** Records for processing follows **

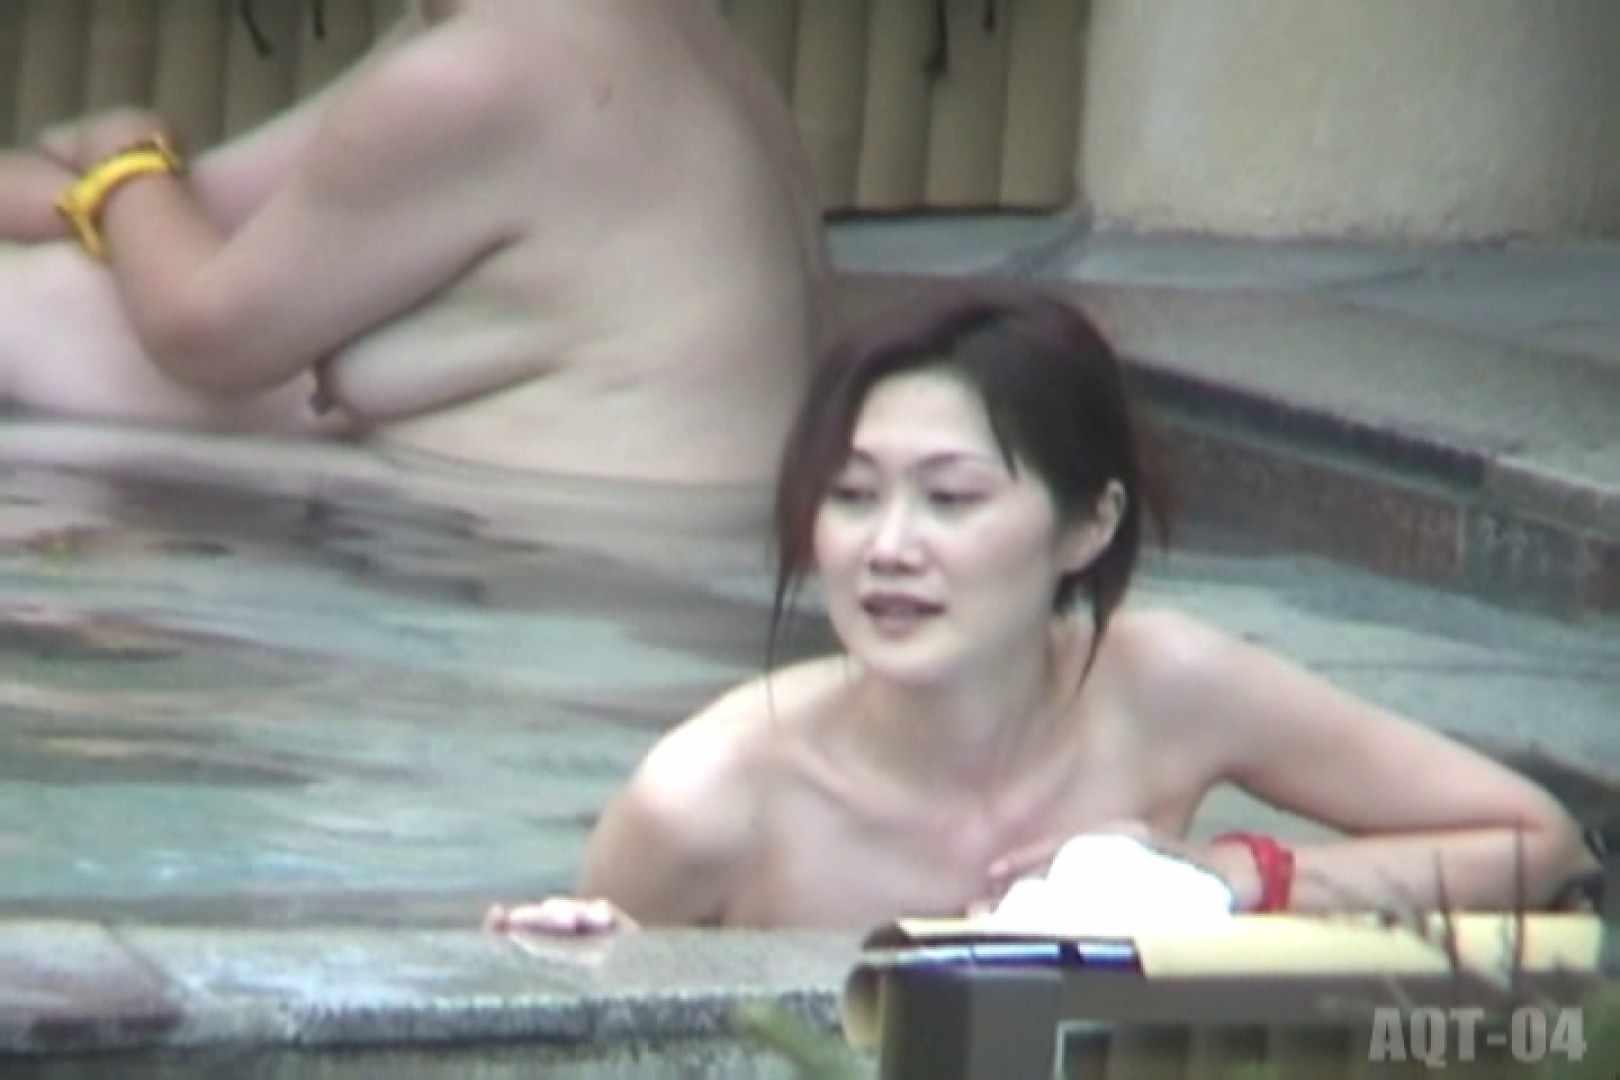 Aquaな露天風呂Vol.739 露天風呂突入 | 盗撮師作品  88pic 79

** End of Records for processing **
** Records for processing follows **

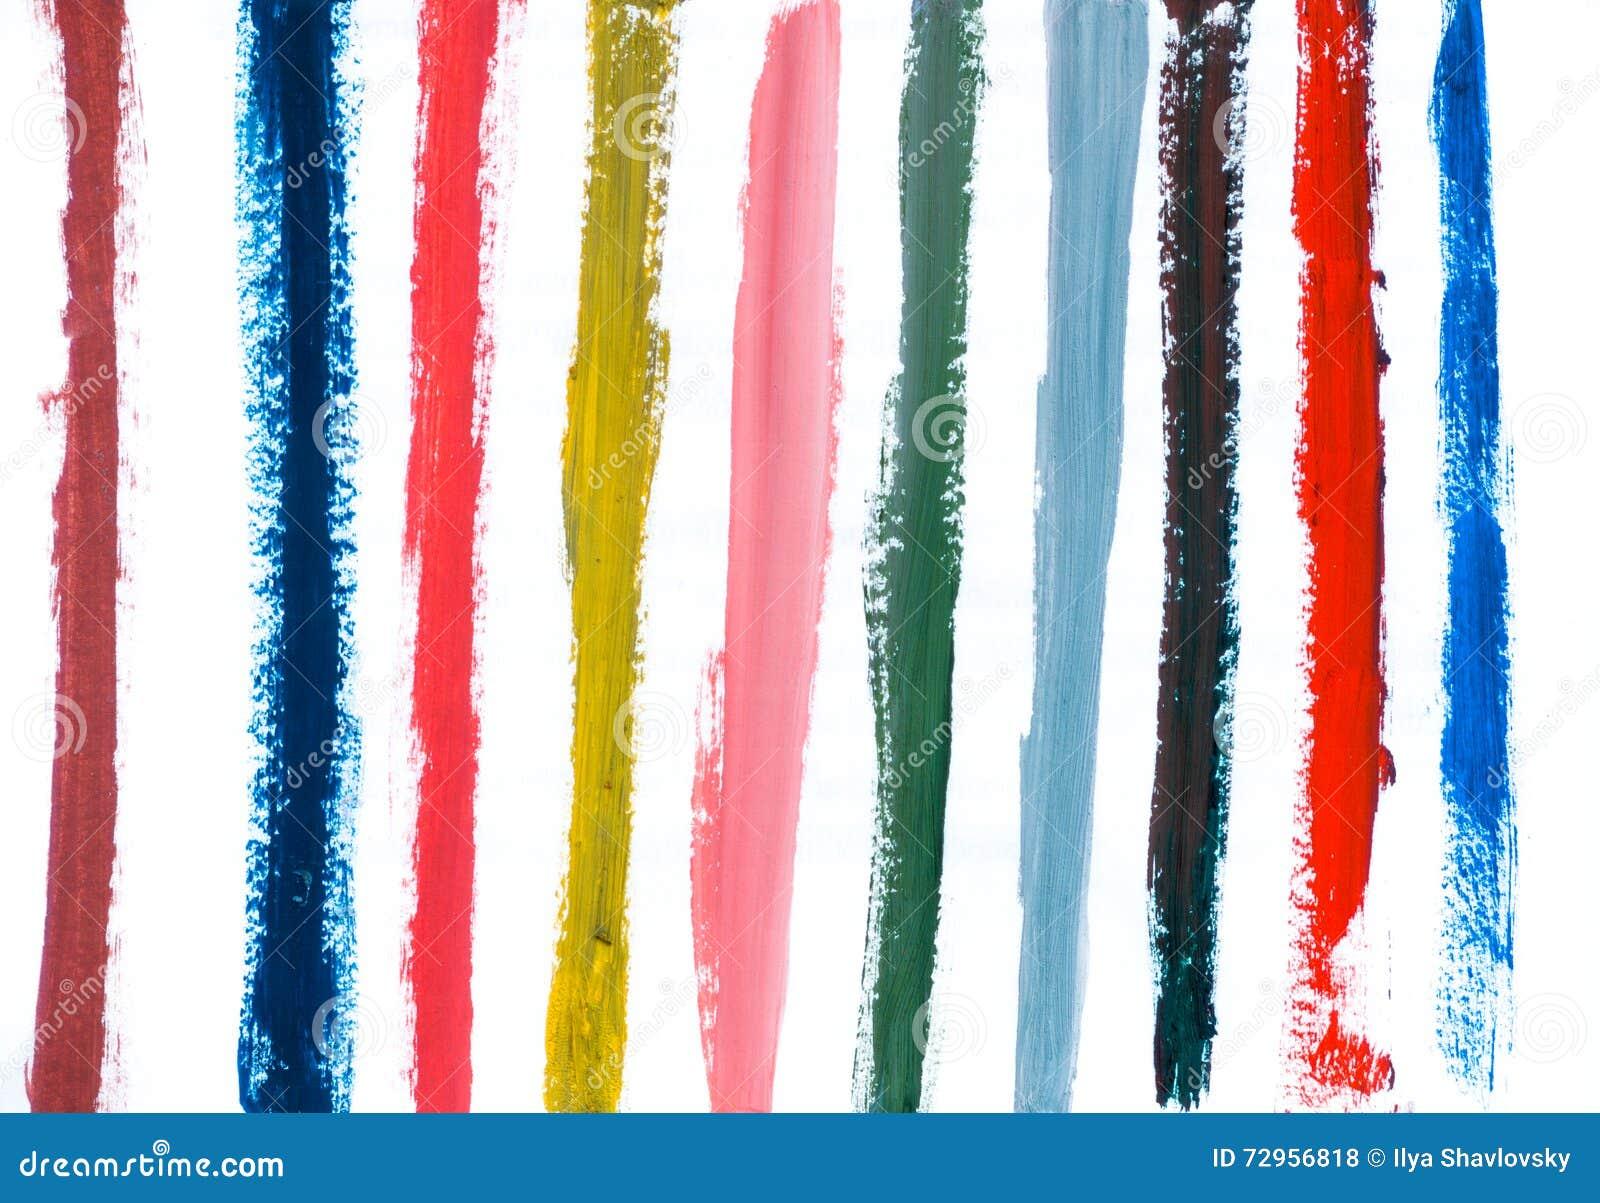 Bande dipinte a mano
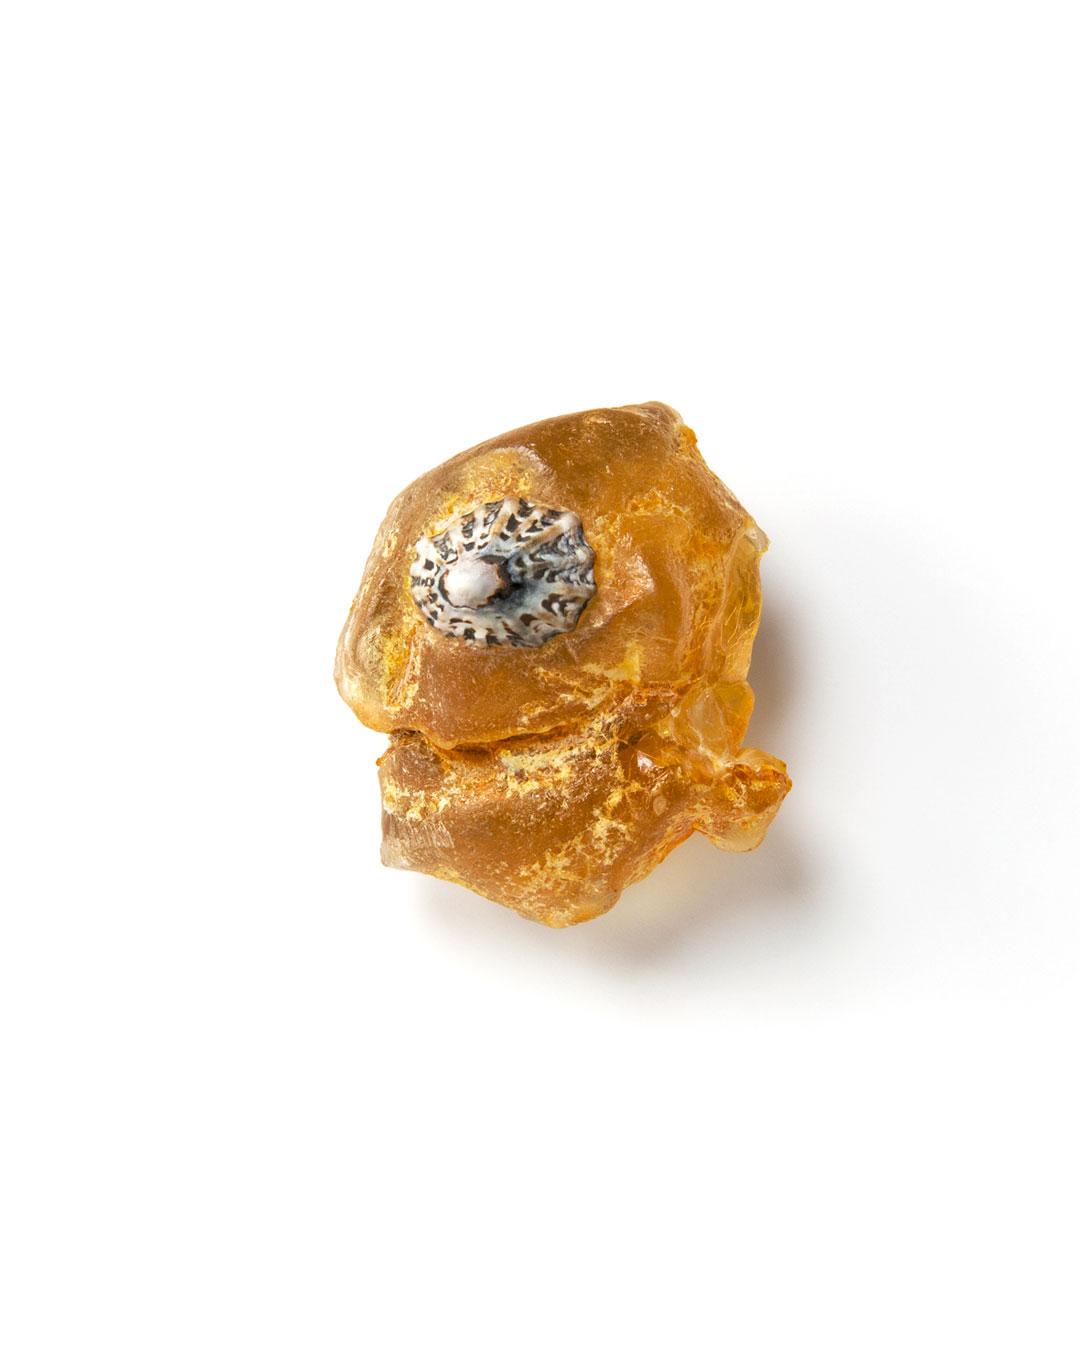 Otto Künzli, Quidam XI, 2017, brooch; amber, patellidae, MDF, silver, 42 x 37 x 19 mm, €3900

** End of Records for processing **
** Records for processing follows **

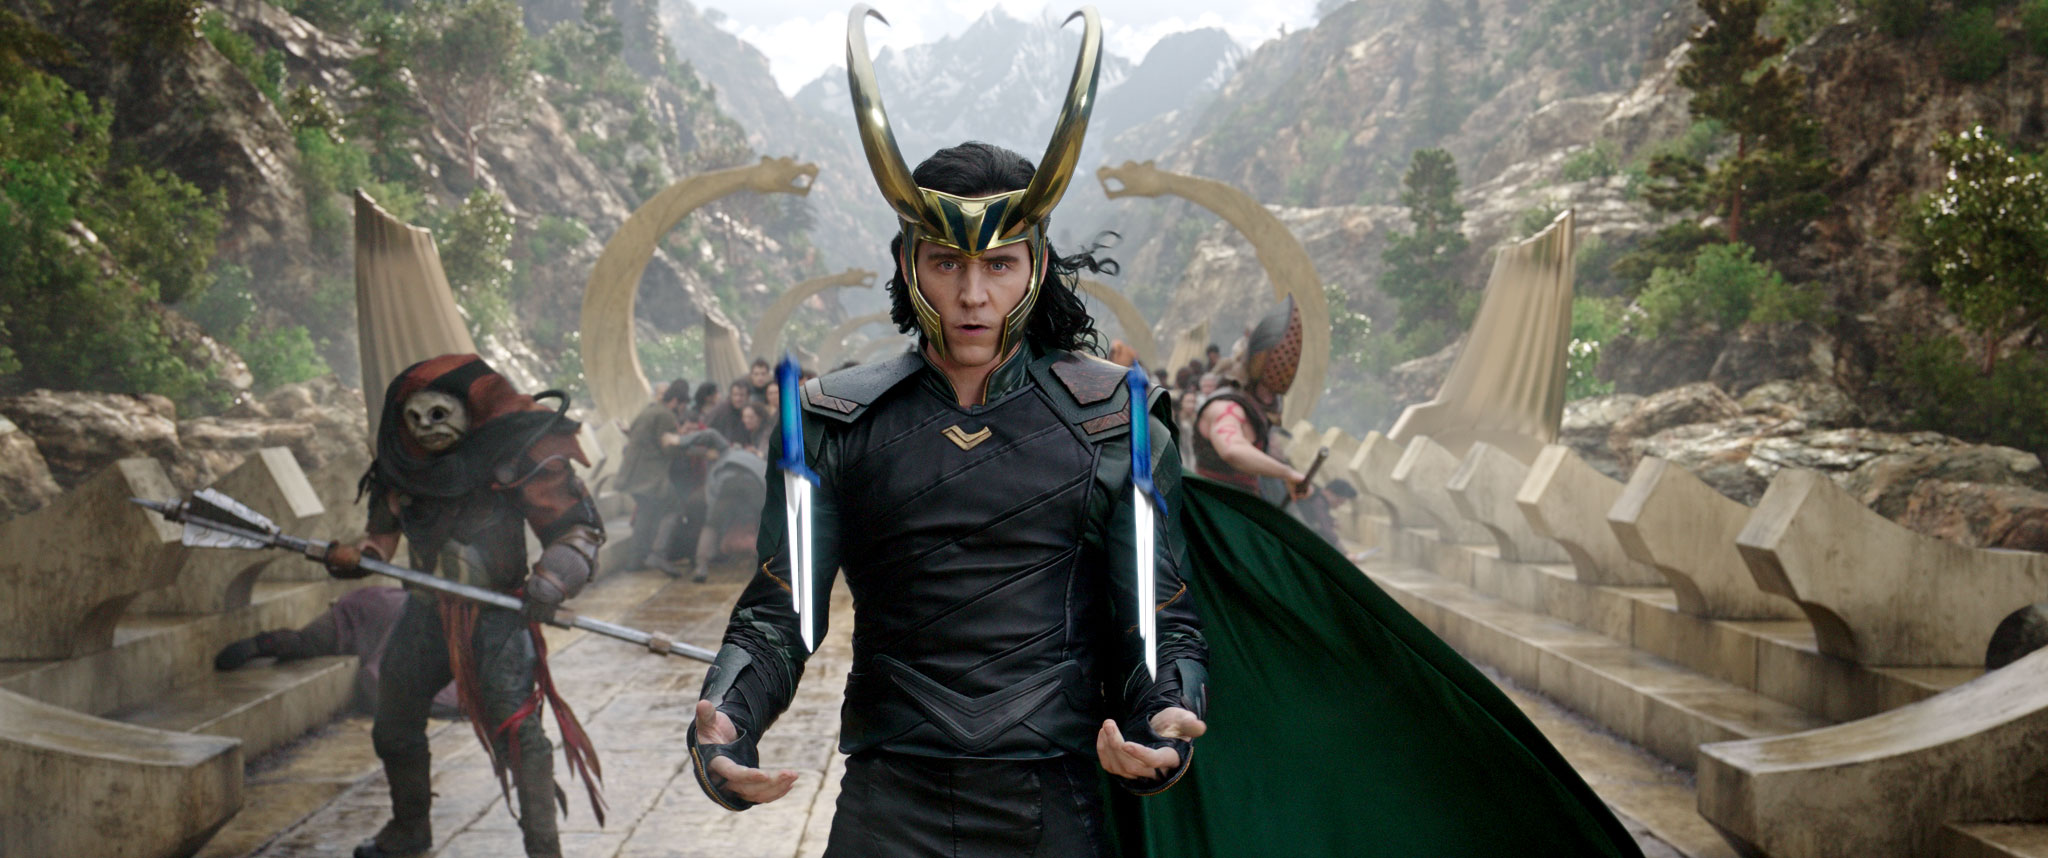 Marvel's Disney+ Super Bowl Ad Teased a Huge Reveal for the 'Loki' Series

** End of Records for processing **

• **Exercise prompt**
Give back exactly the lines above that run from the one with "Bande dipinte a mano" to the one with "Otto Künzli, Quidam", including both, with the pictures left out.

• **Answer section**
 Bande dipinte a mano
 Otto Künzli, Quidam XI, 2017, brooch; amber, patellidae, MDF, silver, 42 x 37 x 19 mm, €3900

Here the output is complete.